In Eq. (2), the subscripts D, Ddry, Dfdc, M, Mdry, Mfdc, and LHfdc correspond to daily flow, daily dry season flow, daily flow duration curve, monthly flow, monthly dry season flow, monthly flow duration curve, and lower half of the daily flow duration curve (i.e., compares observed and predicted between the 50 and 100 percentiles of daily flow). In prediction mode, this method was found by Petheram et al. (2012) to result in an improvement to low-flow simulations, and there was no reduction in performance when simulating the high flows.
c. Regionalization of model parameters and runoff simulation
The NA landscape was subdivided into 603 subcatchments (average area ~2000 km2) based on landscape physiography, catchment area, location of streamflow gauging stations, environmental and cultural assets, and river regulatory structures. Subcatchment outlets are shown in Fig. 3. Version 3 of the GEODATA 9-s flow direction grid, derived from version 3 of the GEODATA 9-s digital elevation model (Hutchinson et al. 2008), was used to define catchment boundaries for each subcatchment.
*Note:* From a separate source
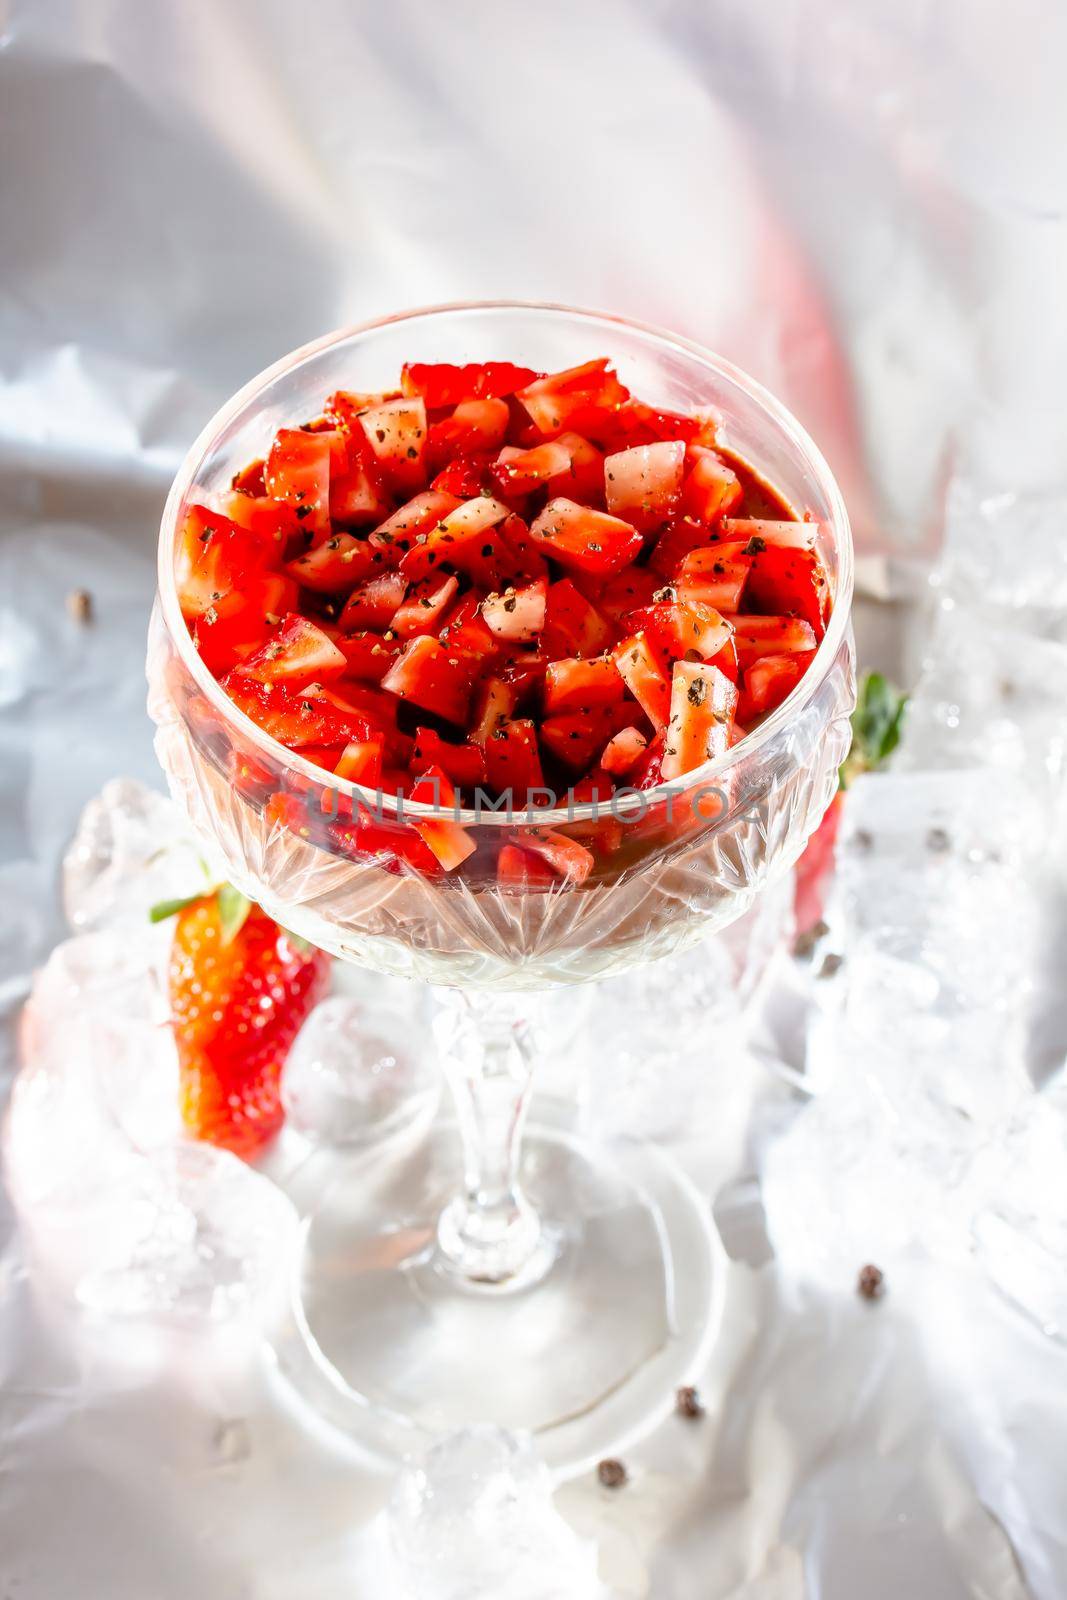 luxurious dessert Tiramisu in a glass with coffee beans, tiramisu with chocolate and strawberries.

Transposing calibrated parameter sets between up- and downstream catchments was found to be the best method of assigning parameter sets for NA (Petheram et al. 2012). However, this was not possible for most parts of NA because of the sparseness of streamflow gauges. For these catchments, Petheram et al. (2012) recommended using spatial proximity to regionalize “intact” model parameter sets. However, adjacent or nearby catchments need not always behave similarly, particularly if there are distinct differences between neighboring catchments in land use, geology, and/or climate. Hence, spatial proximity was augmented by knowledge of the local climate and geology. Particularly challenging areas to parameterize because of the absence of suitable gauges were the Cape Leveque coast and the coastal floodplains of the Gulf of Carpentaria (Fig. 1). The Cape Leveque coast anecdotally has very little runoff and few drainage lines. For this area, intact parameter sets were transposed from low-yielding sandy catchments in the Ord–Bonaparte region, ~700 km away (Fig. 3). Although there are a number of gauging stations on the coastal plains of the Gulf of Carpentaria, many of these stations capture streamflow from beyond their “natural catchment” during flood events. The challenge was to identify a station, with a well-defined rating curve, that only recorded flow originating within its natural boundaries. This was achieved through inspection of hydrographs, rainfall–runoff modeling, and high-resolution satellite imagery. The outcome was that much of the coastal floodplain draining to Gulf of Carpentaria was modeled using the parameters from a single gauge (918001). The resulting donor–target catchment mapping relationships for all catchments are shown in Fig. 3. Most parameter sets were donated from geographically near regions; the few exceptions are noted above.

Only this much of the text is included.